Samedi 13 février 2021

Mort de Babacar Gueye: le parquet requiert un non-lieu concernant le policier qui a tiré

Le parquet de Rennes a requis un non-lieu concernant le policier auteur des coups de feu mortels contre Bababar Gueye, tué à Rennes en décembre 2015, a indiqué samedi dans un communiqué le procureur de la République de Rennes Philippe Astruc.

"Le fonctionnaire de police ayant fait usage de son arme a répondu de manière concomitante, nécessaire et proportionnée à l'agression de Babacar Gueye sur sa personne", explique le procureur.

Selon le magistrat, le policier "a agi en état de légitime défense et doit dès lors être déclaré irresponsable pénalement du chef de meurtre".

Dans la nuit du 2 au 3 décembre 2015, Babacar Gueye, un Sénégalais sans papiers de 27 ans, était hébergé chez des amis, Gabriel Gueye et son épouse, quand il avait été pris d'une crise de "démence", "se scarifiant les abdominaux avec un couteau et ayant blessé le requérant (Gabriel Gueye, ndlr) avec cette même arme", selon l'appel passé aux secours.

Des policiers de la Brigade anti-criminalité (Bac), arrivés les premiers sur place, avaient tenté de l'immobiliser avec un Taser qui n'aurait pas fonctionné. La scène s'était poursuivie sur le palier puis dans l'escalier, où un membre de la Bac avait tiré à cinq reprises sur Babacar Gueye qui tenait toujours son couteau. Il avait ensuite été menotté au sol avant d'être déclaré mort par le Samu.

Philippe Astruc souligne que "l'ensemble des investigations démontre chez Babacar Gueye un comportement menaçant directement l'intégrité physique de Gabriel Gueye", "puis des policiers, et particulièrement du policier tireur".

S'il est "établi que cinq projectiles balistiques provenant de l'arme de service du policier tireur ont atteint Babacar Gueye", ces deux séries de tirs "n'ont pas permis de mettre fin à l'action de Babacar Gueye, qui s'est relevé et a repris sa marche menaçante et armée envers le tireur", relève M. Astruc.

Dans ses motivations, le procureur de Rennes souligne "la proportionnalité" de l'action des policiers: "sommations répétées" de lâcher son arme, utilisation par les policiers d'un Taser et de bâtons télescopiques, et "l'usage unique" puis en "ultime nécessité", un "nouvel usage répété de l'arme de service".

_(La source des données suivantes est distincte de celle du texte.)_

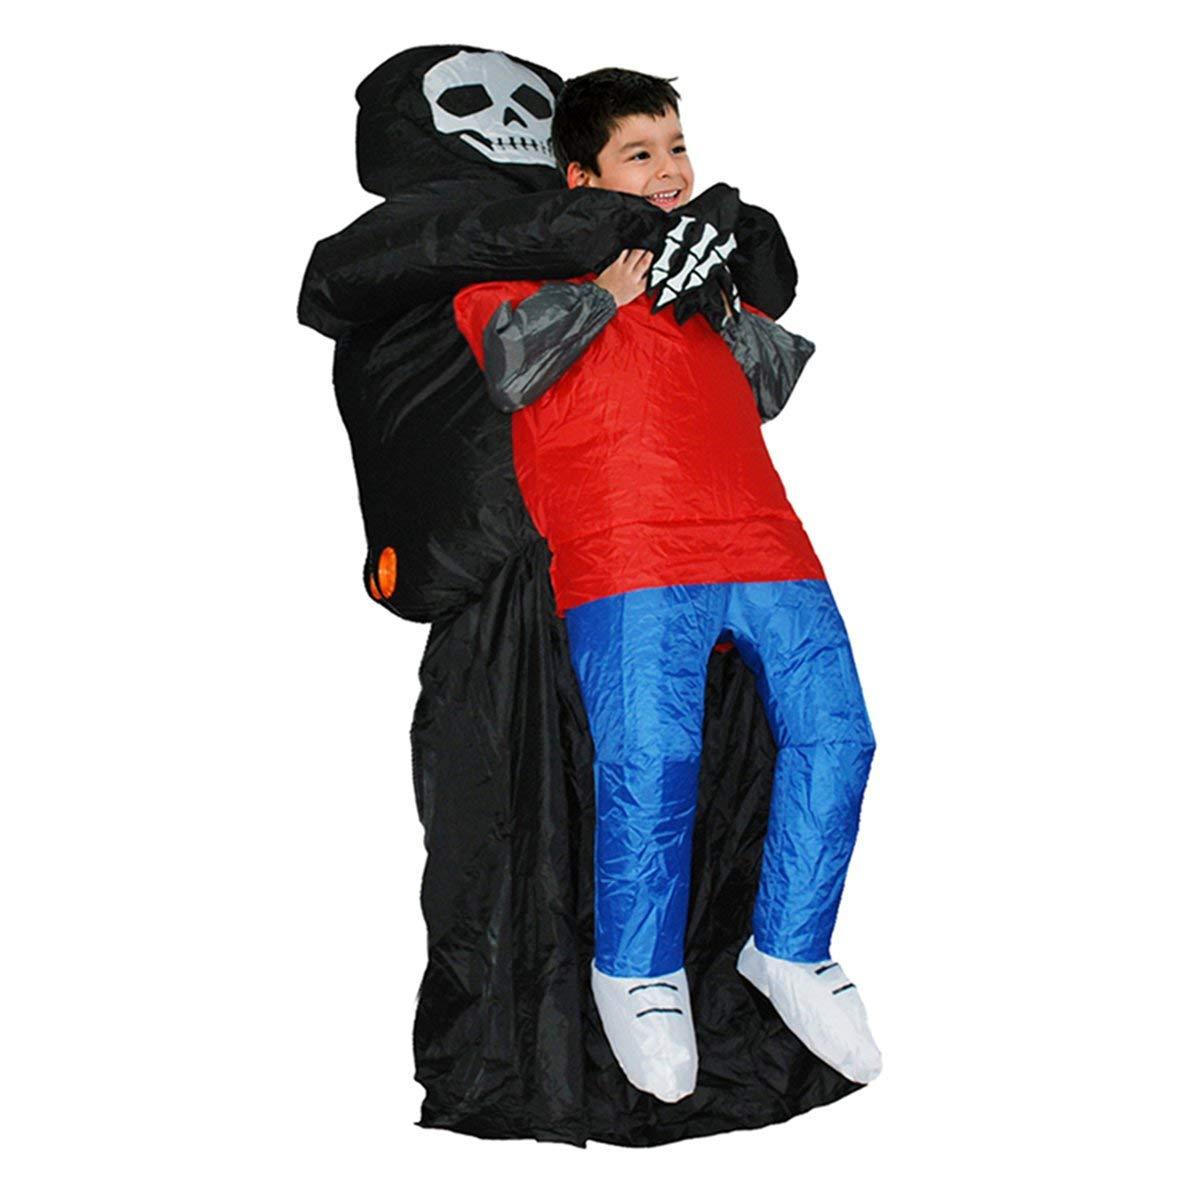 Heaviesk Aufblasbare Teufel Kostüm Party Cosplay Blowup Kostüm Für Erwachsene Erwachsene Erwachsene Kinder c92a93

Dans cette affaire, une première enquête ouverte par le parquet avait été classée sans suite en juillet 2016. La famille a ensuite déposé plainte avec constitution de partie civile en janvier 2017. Une nouvelle information judiciaire avait alors été ouverte et le policier auteur du tir mortel placé sous le statut de témoin assisté.

"Il appartient désormais au magistrat instructeur (...) de rendre dans les prochaines semaines une ordonnance qui viendra clôturer l'information judiciaire", indique le procureur.